# Work to complete
All lines from the one containing "Peores que los nazis - meme" through the last line of the listing should be given again exactly, with no pictures.

# Information supplied
━━━━━━━━━━━━━━━━
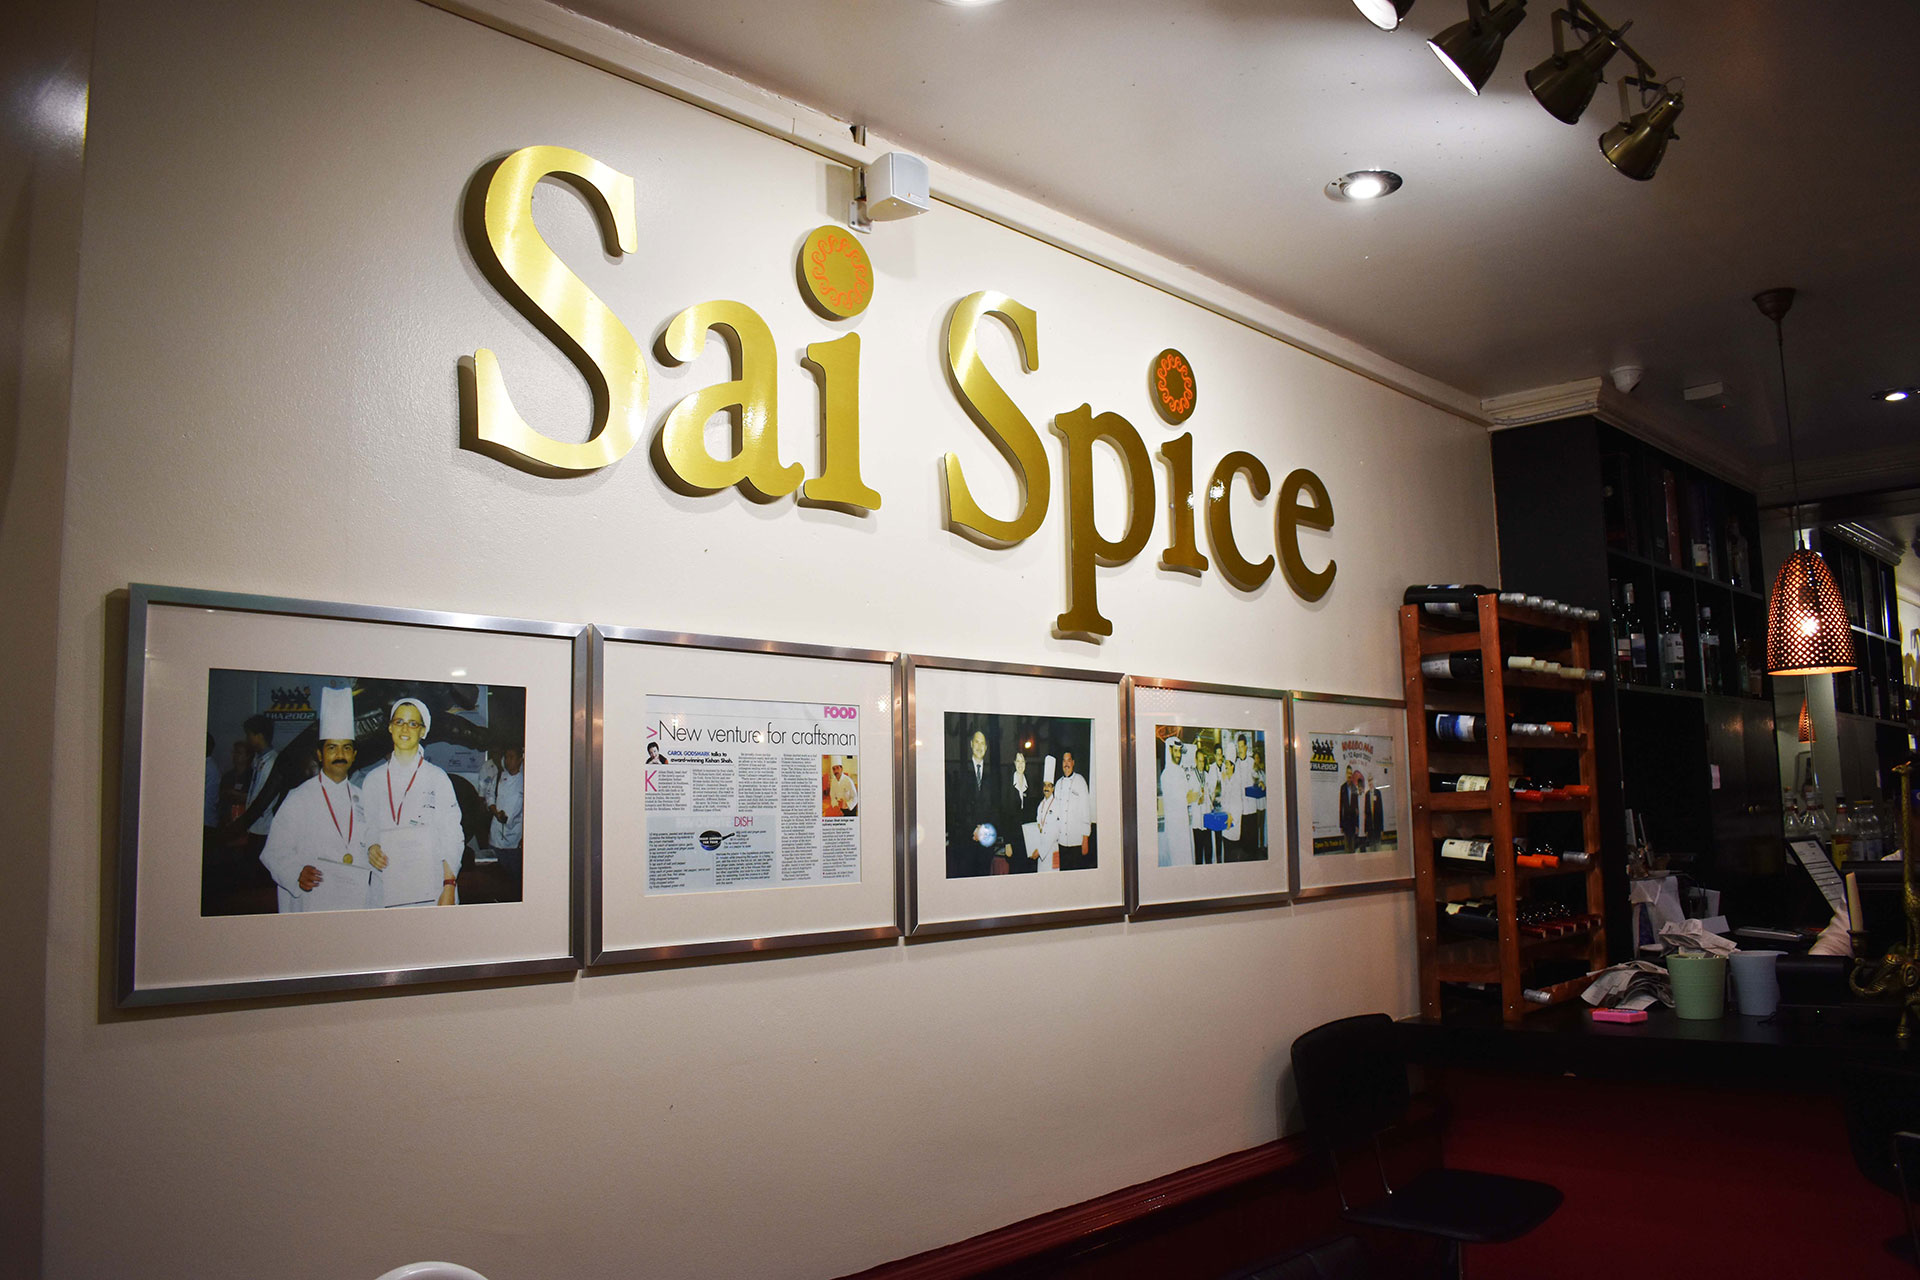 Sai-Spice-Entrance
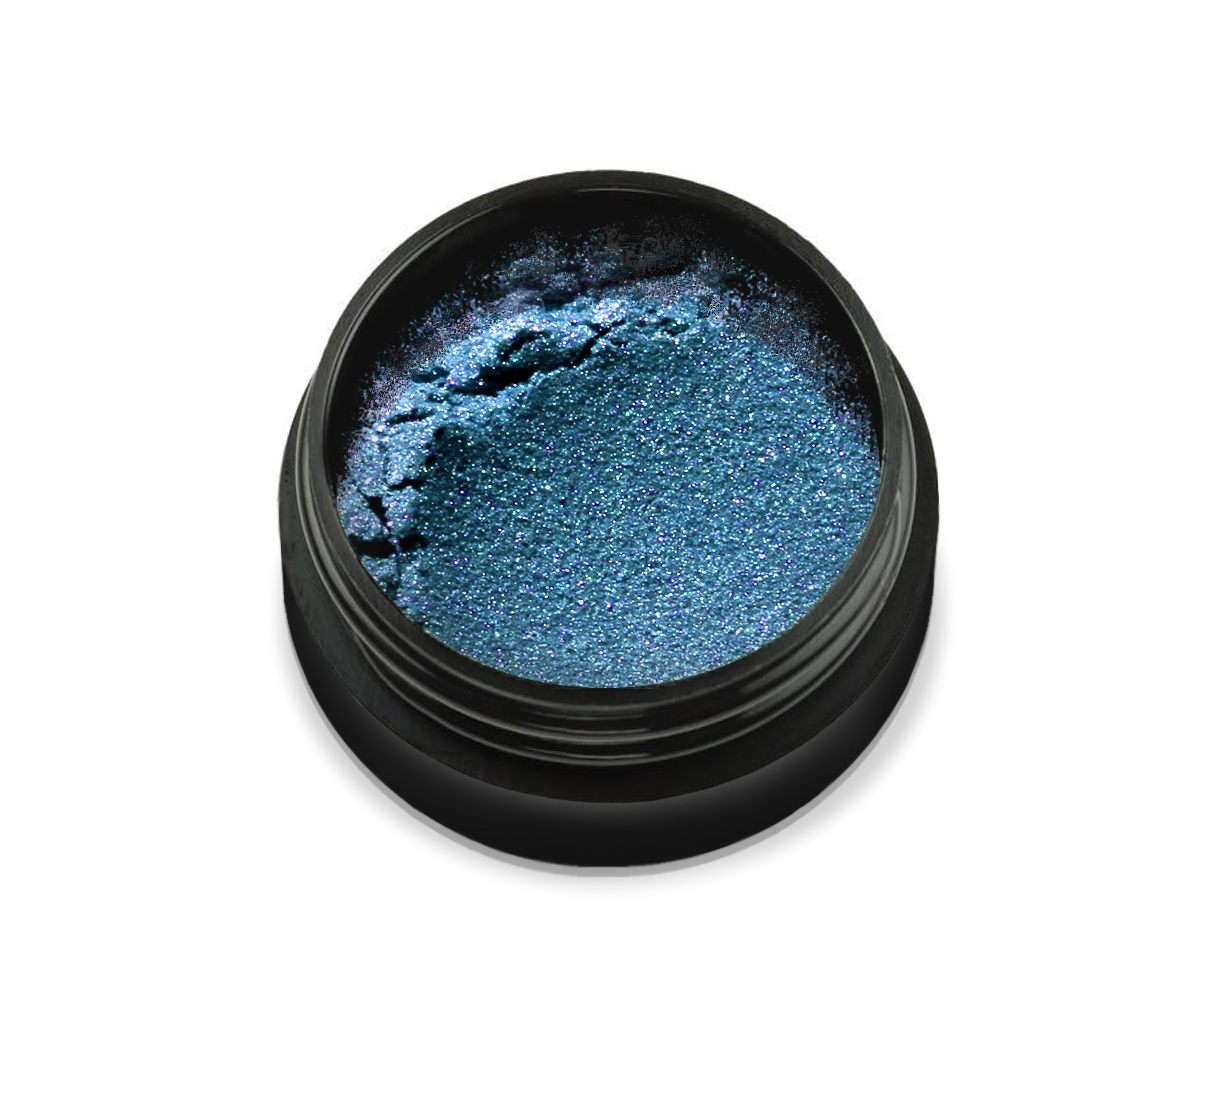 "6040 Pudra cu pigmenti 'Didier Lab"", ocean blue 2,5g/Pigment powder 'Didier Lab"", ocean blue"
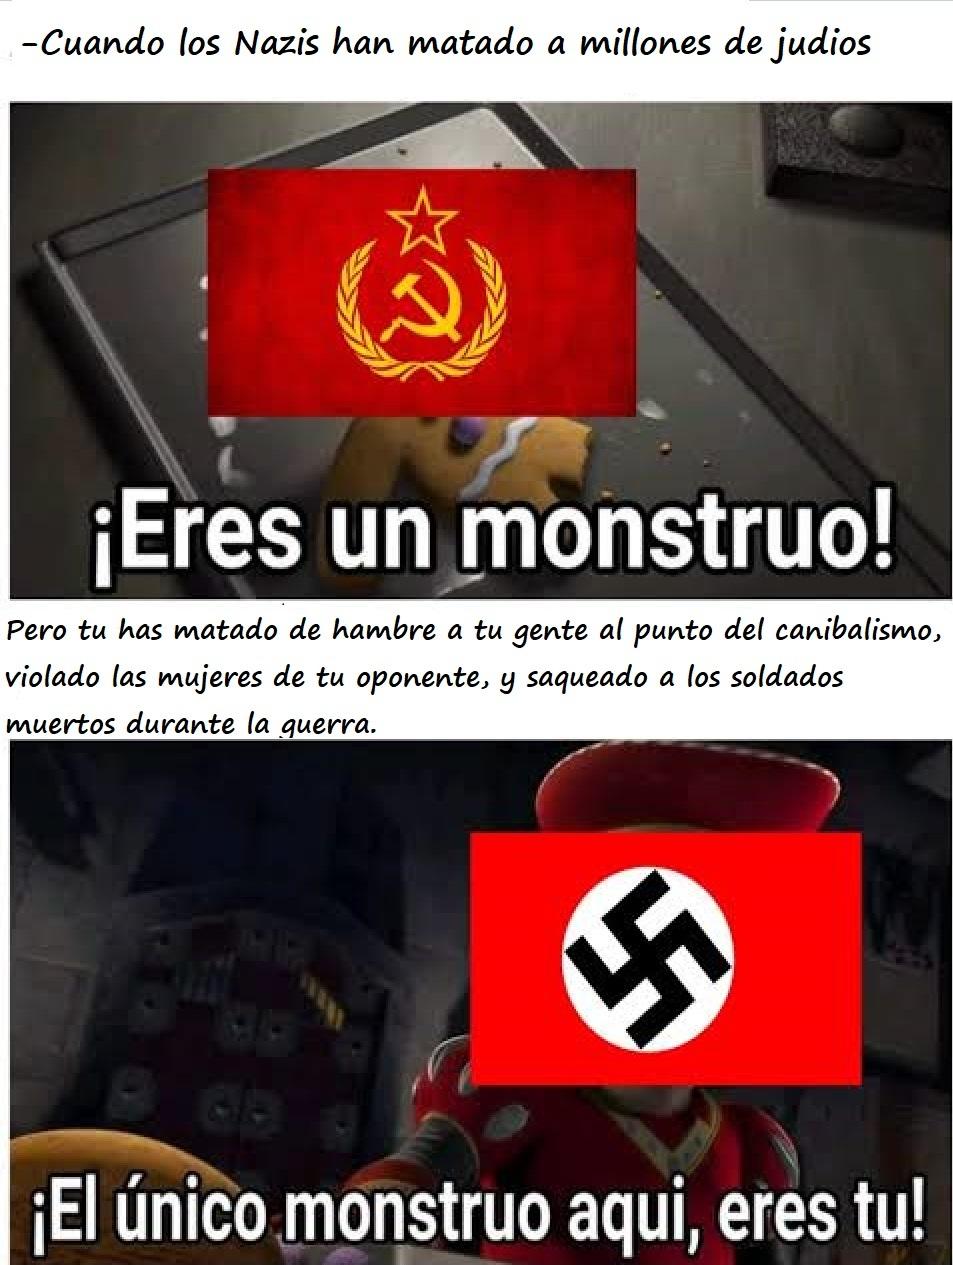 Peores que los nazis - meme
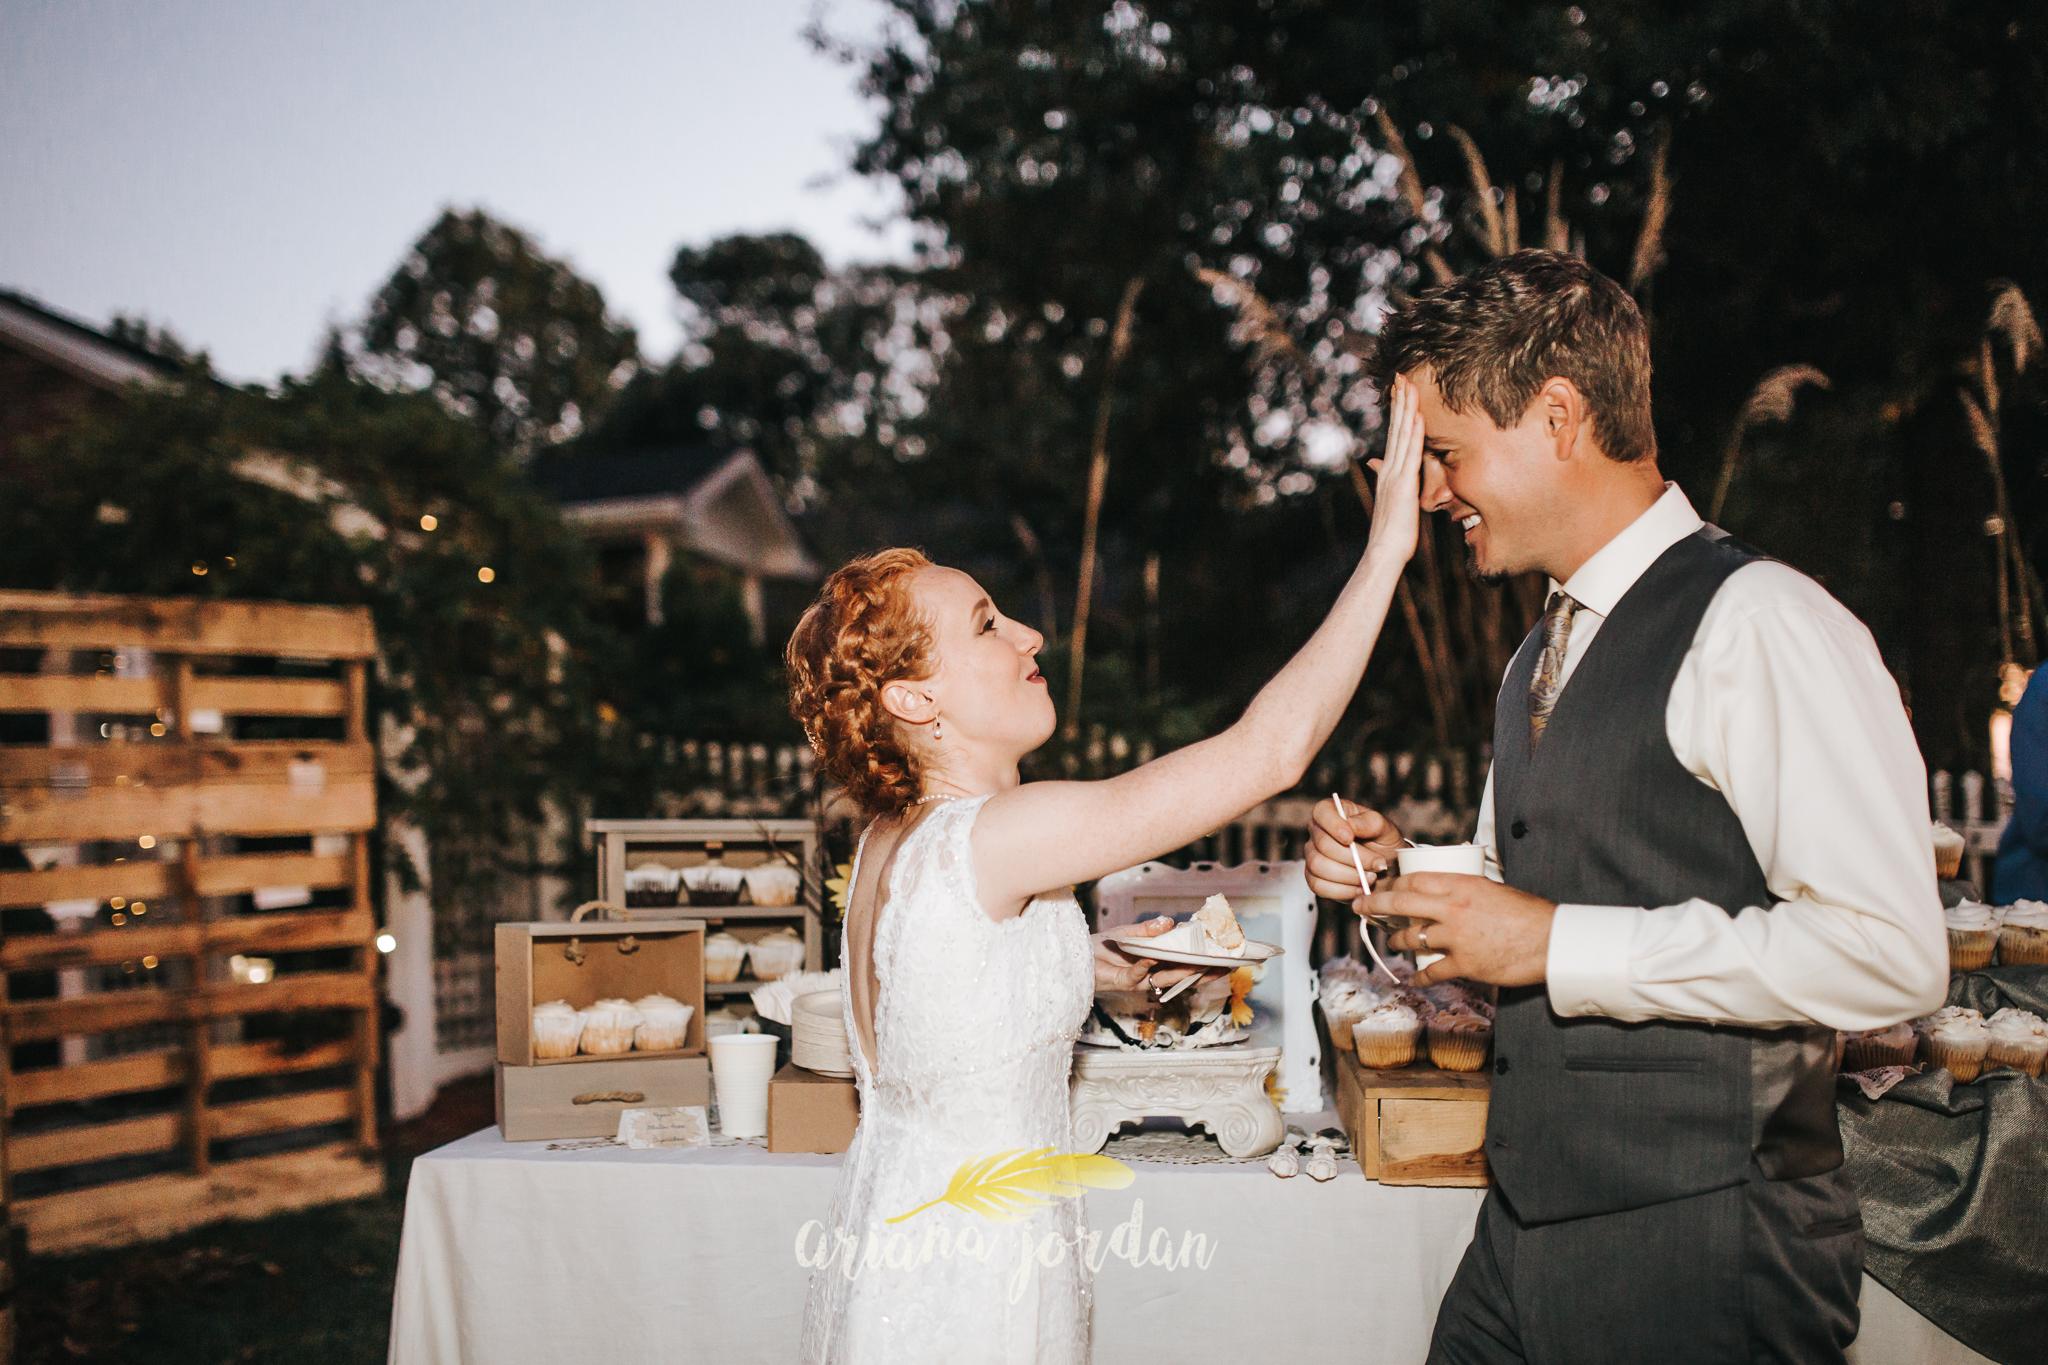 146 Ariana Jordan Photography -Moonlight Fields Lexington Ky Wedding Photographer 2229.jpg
━━━━━━━━━━━━━━━━
# Answer below
 Peores que los nazis - meme
 146 Ariana Jordan Photography -Moonlight Fields Lexington Ky Wedding Photographer 2229.jpg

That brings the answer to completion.